The crisis befalling DOD is also the product of a complete decoupling of any meaningful strategy and detailed force and procurement plans and honest budgeting. Cordesman had some choice comments on the upcoming QDR, being run on the OSD side by under secretary of defense Michele Flournoy’s policy shop.

“If God really hates you, you may end up working on a Quadrennial Defense Review: The most pointless and destructive planning effort imaginable. You will waste two years on a document decoupled from a real world force plan, from an honest set of decisions about manpower or procurement, with no clear budget or FYDP, and with no metrics to measure or determine its success. If God merely dislikes you, you may end up helping your service chief or the Chairman of the Joint Chiefs draft one of those vague, anodyne strategy documents that is all concepts and no plans or execution. If God is totally indifferent, you will end up working on our national strategy and simply be irrelevant.”

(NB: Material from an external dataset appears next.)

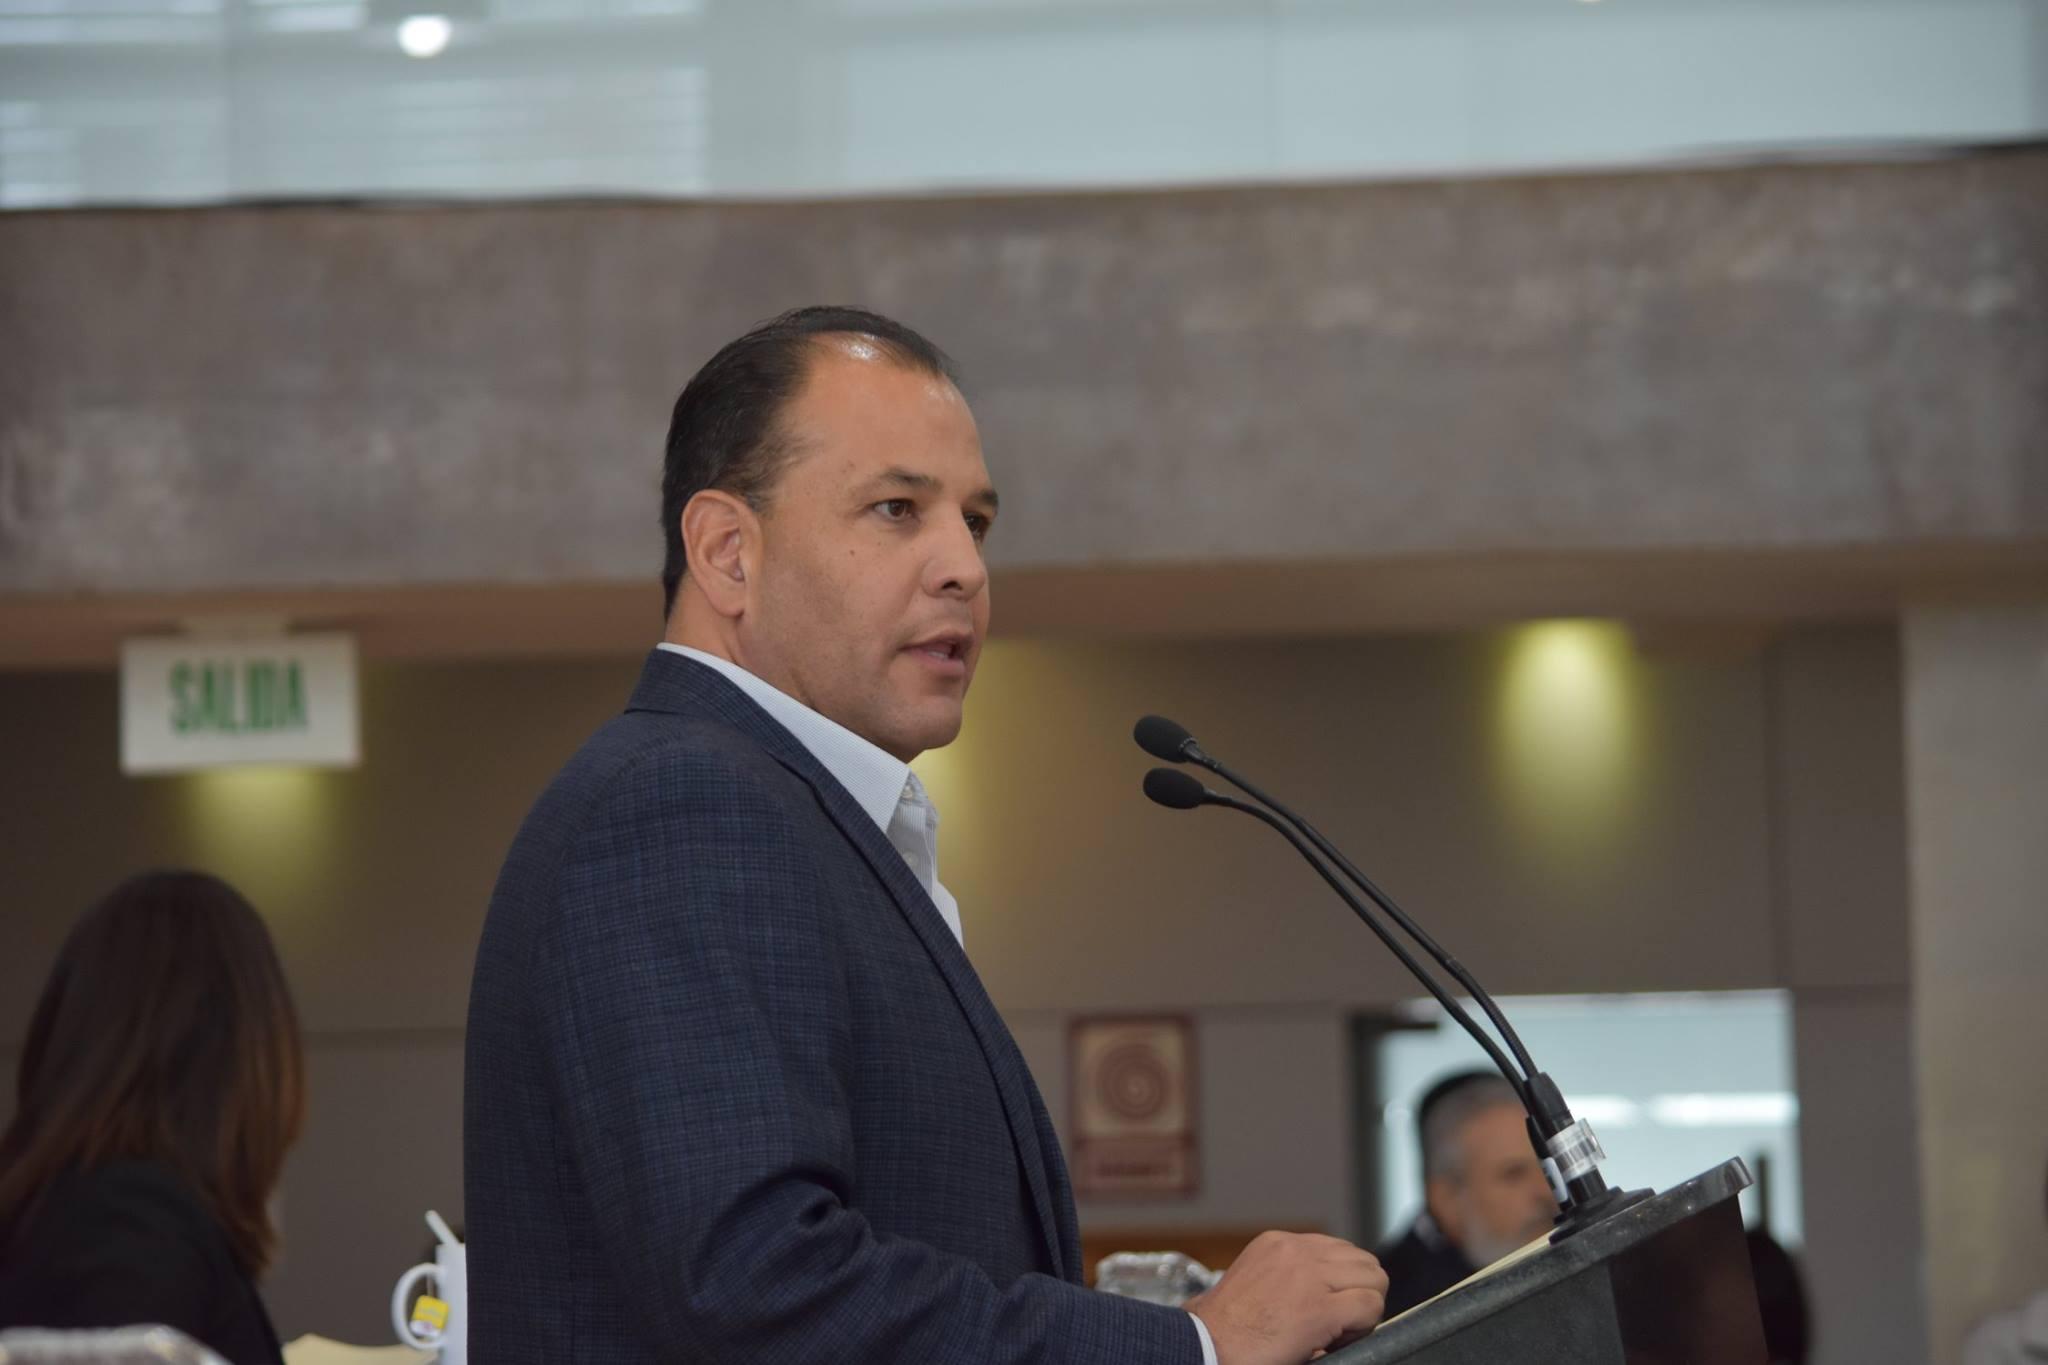 Omar bazan

“Is $533.7 billion in FY2010 and 4.2% of the GNP enough? Enough for what? Our most recent QDR is a morass of half thought-out ideas—many calling for further study or otherwise deferring tangible action. We don’t have a force plan. We don’t have a clearly defined procurement plan. We don’t tie it to end strength goals that are clearly defined and costed. We haven’t provided meaningful budget figures because the FYDP is not tied to the QDR. We haven’t set clear goals to be achieved. We have no metrics.”

“Would we be where we are today if we forced the department to tie its strategy to plans and budget, if we demanded metrics, if we required a public annual accounting, and if we held our top leadership fully accountable? Can any change in process or business practices make up for this failure? The answer is no.”